*** Excerpted records ***

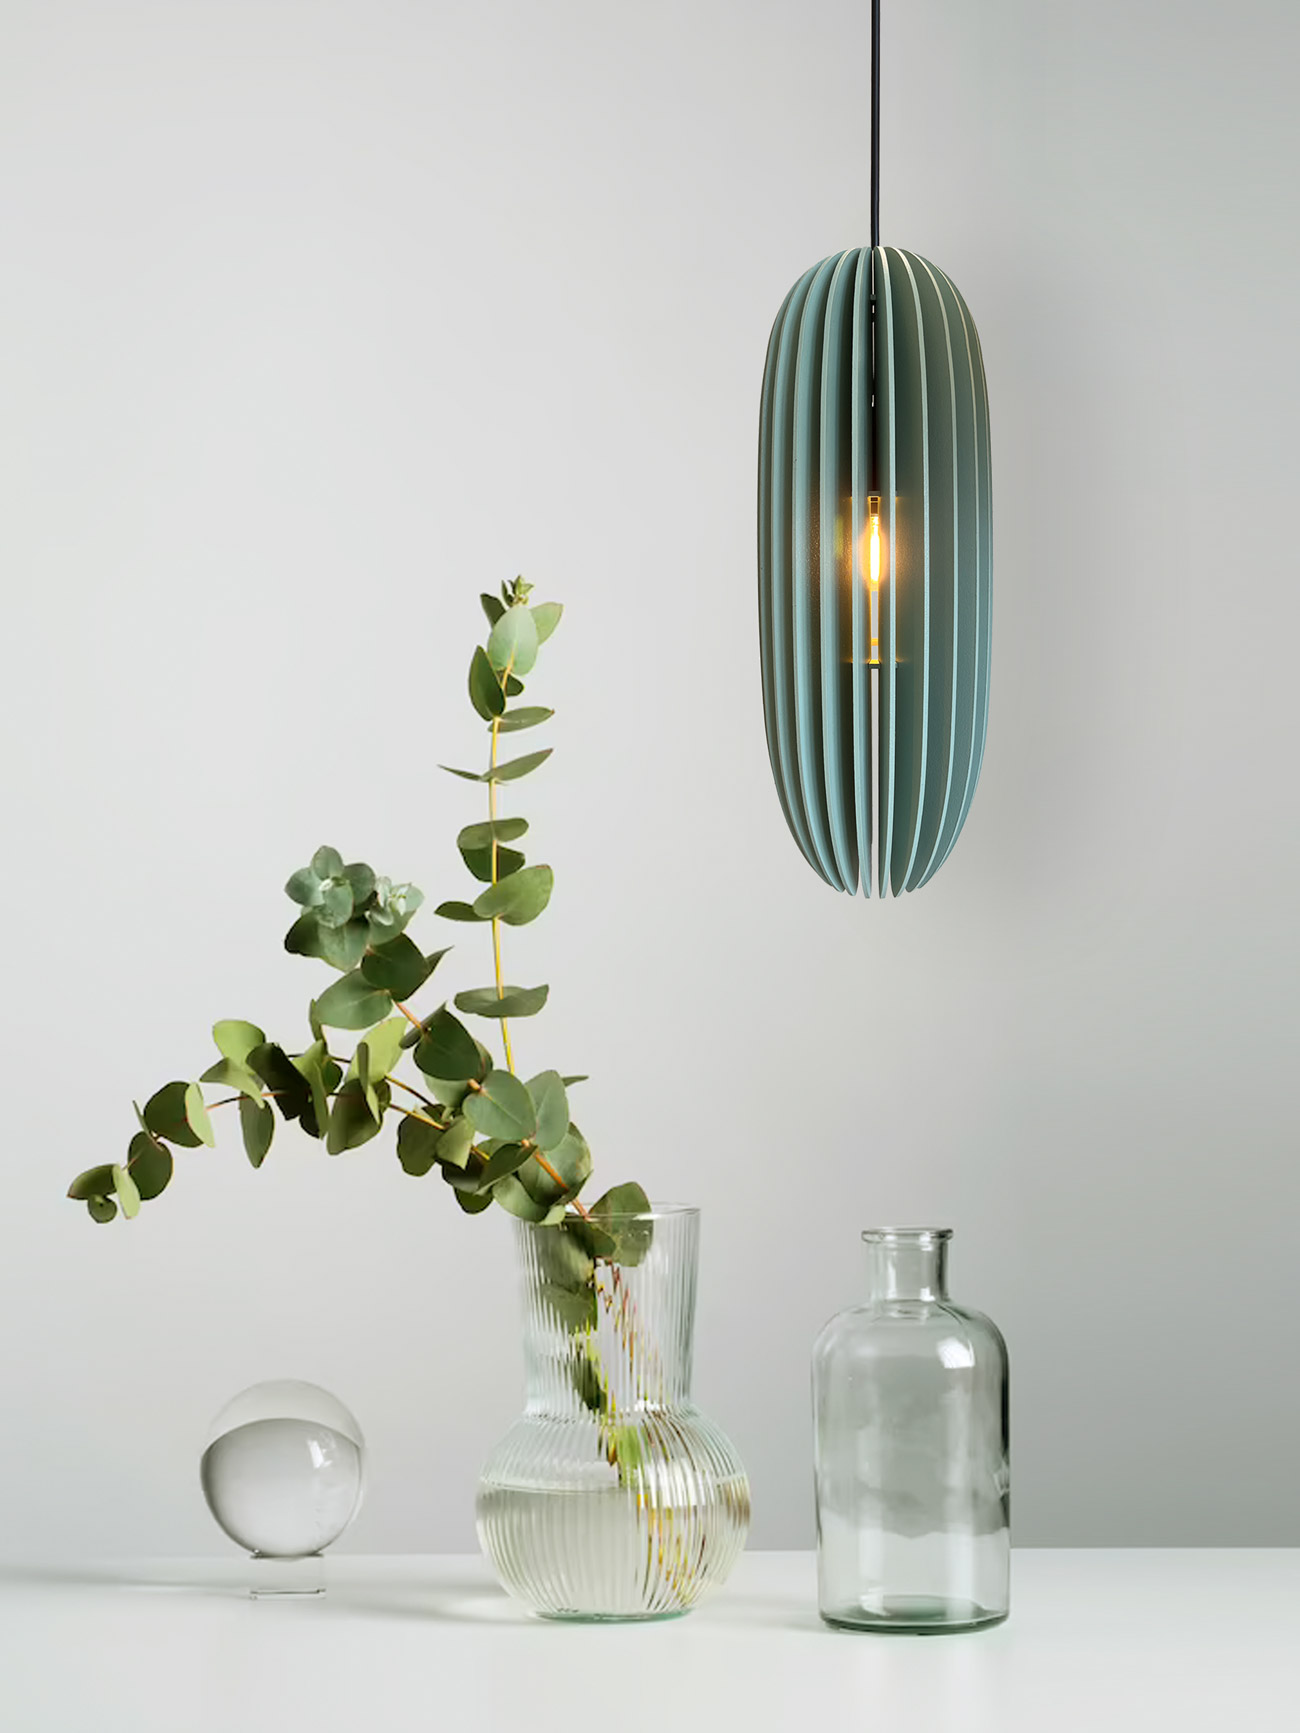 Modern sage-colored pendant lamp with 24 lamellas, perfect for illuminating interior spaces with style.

*** End of Excerpted records ***
*** Excerpted records ***

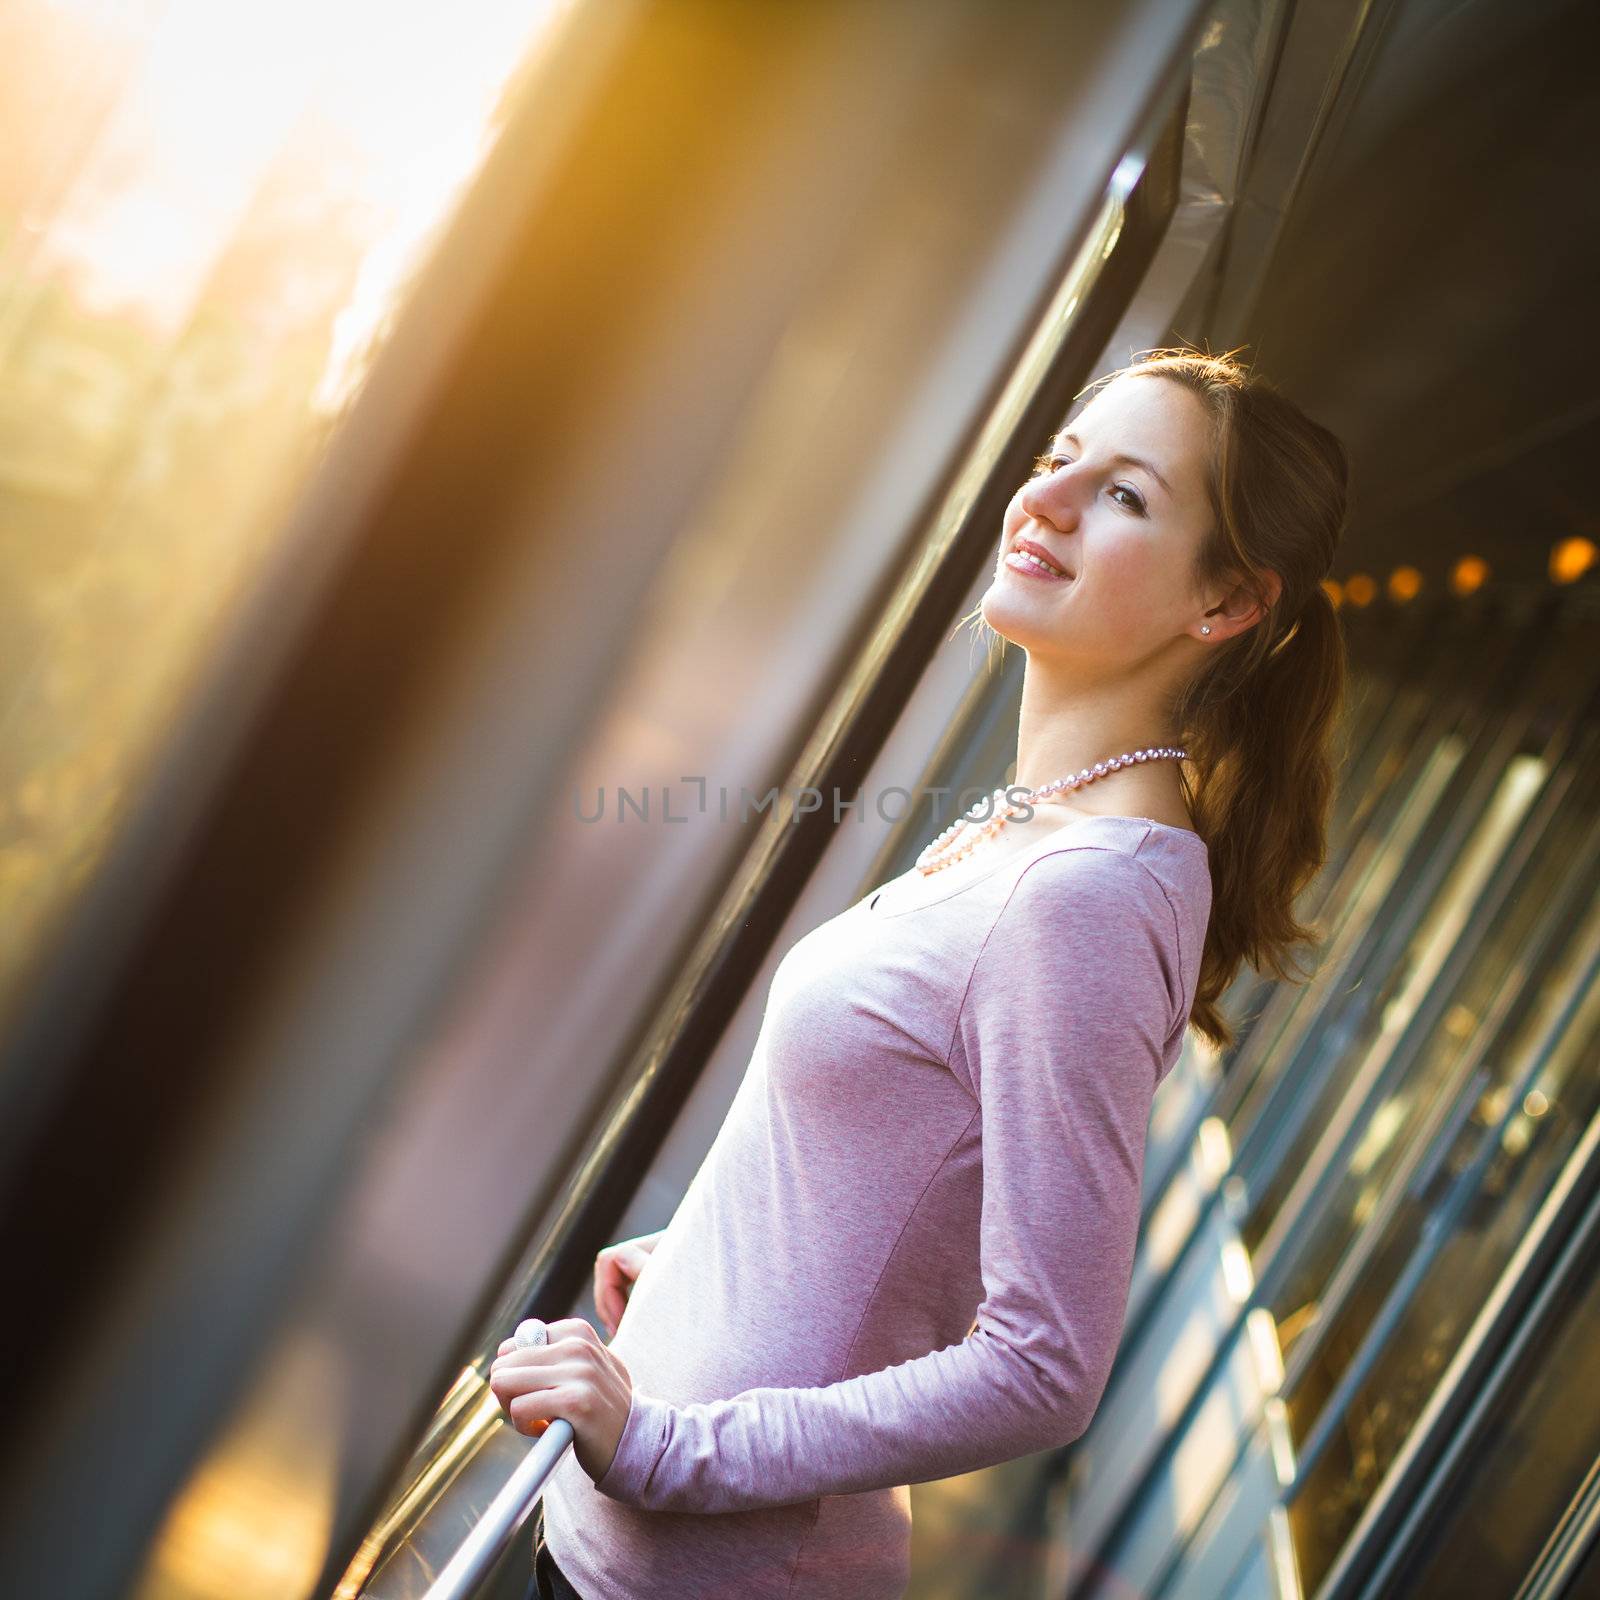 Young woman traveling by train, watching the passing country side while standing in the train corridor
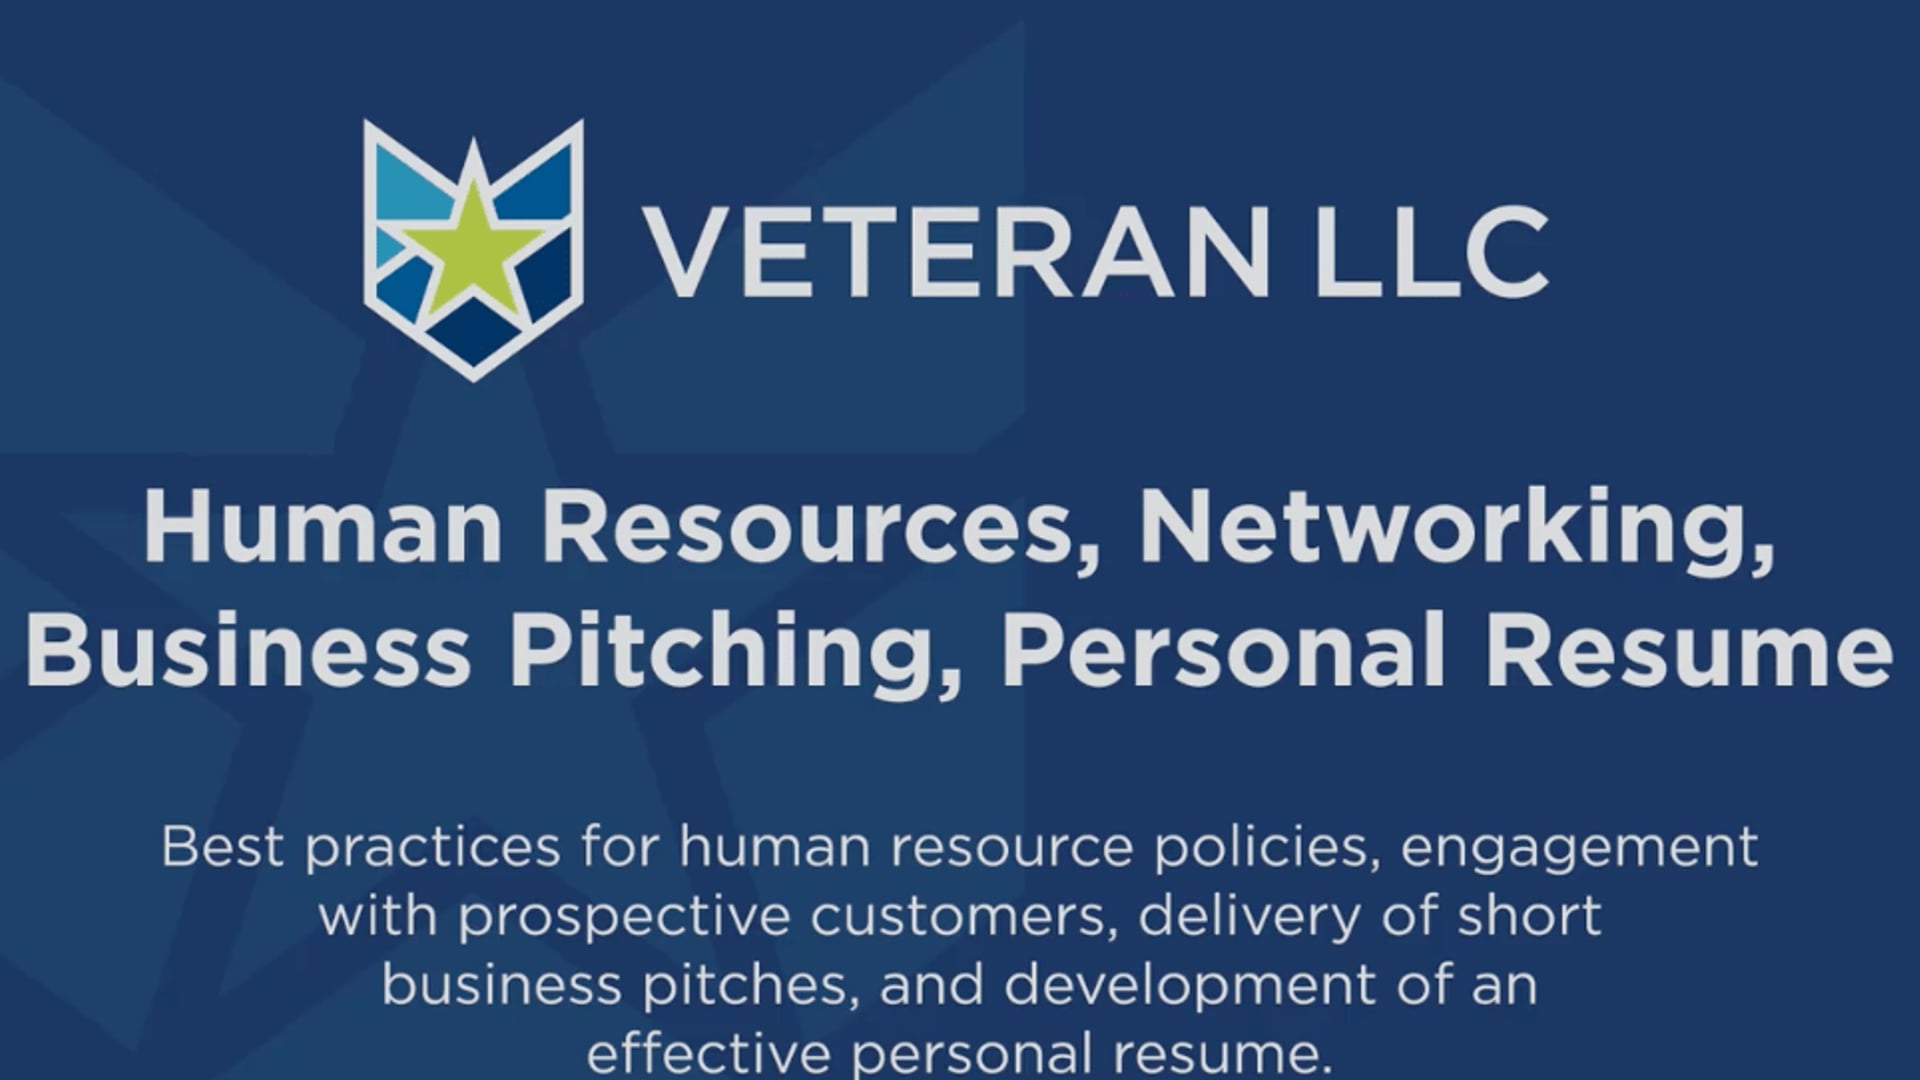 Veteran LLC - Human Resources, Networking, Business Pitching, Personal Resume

*** End of Excerpted records ***
*** Excerpted records ***

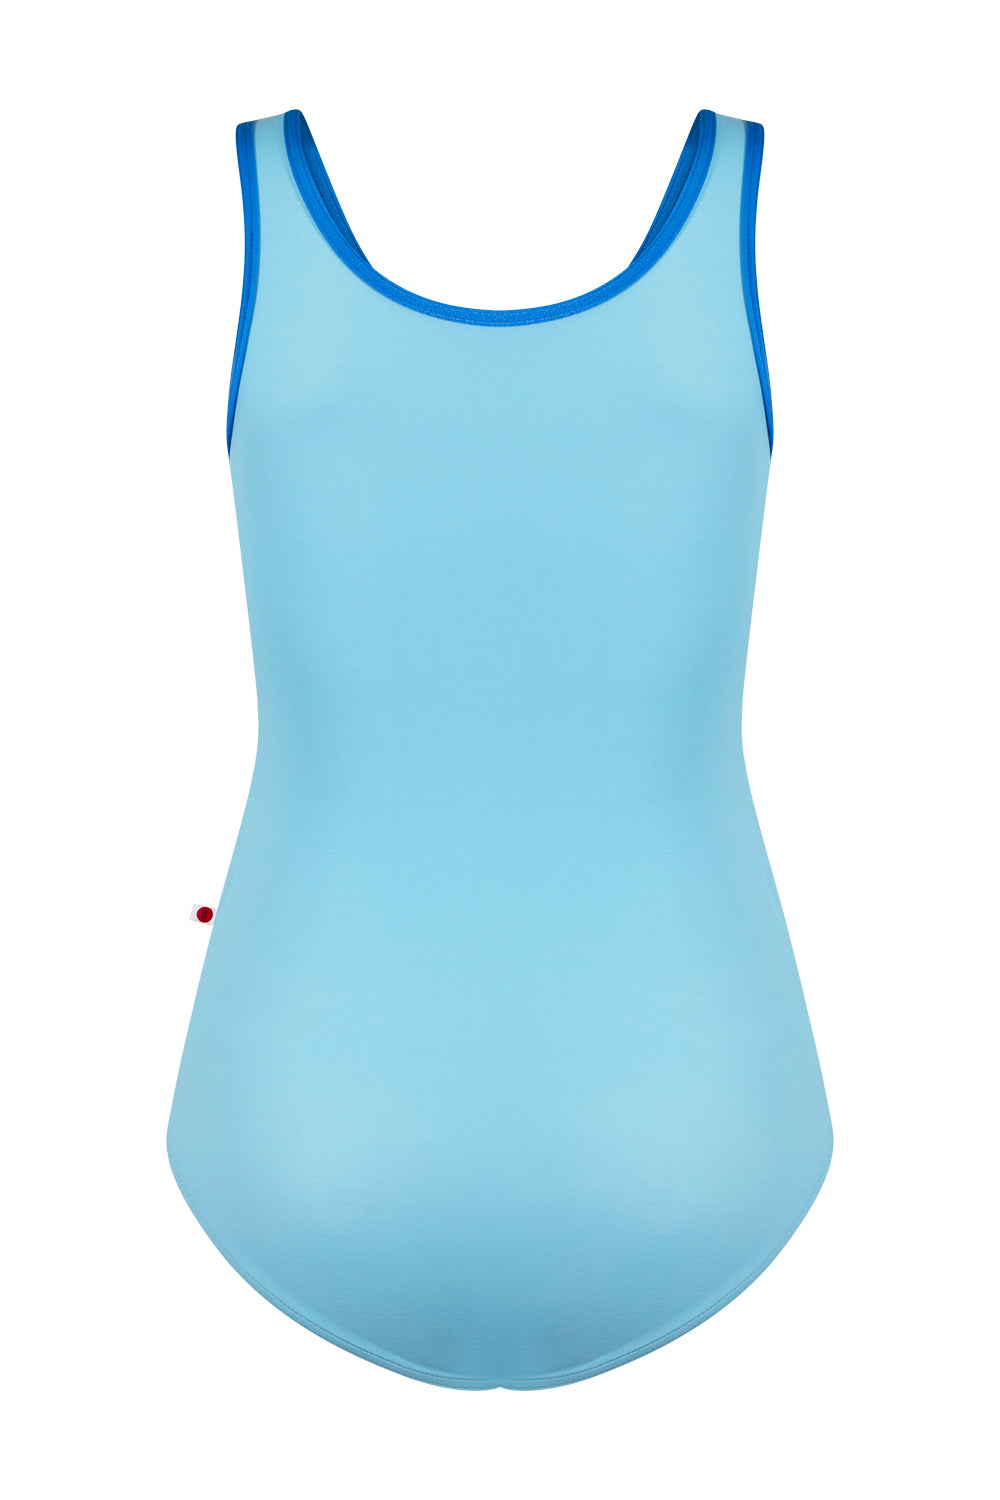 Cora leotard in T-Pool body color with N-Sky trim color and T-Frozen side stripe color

*** End of Excerpted records ***

* _Work request_:
For this exercise, transcribe exactly the part of the records above that opens with the line containing "Young woman traveling" and closes with the one containing "Veteran LLC - Human". Pictures are not part of the copy.

* _Result of this exercise_:
 Young woman traveling by train, watching the passing country side while standing in the train corridor
 Veteran LLC - Human Resources, Networking, Business Pitching, Personal Resume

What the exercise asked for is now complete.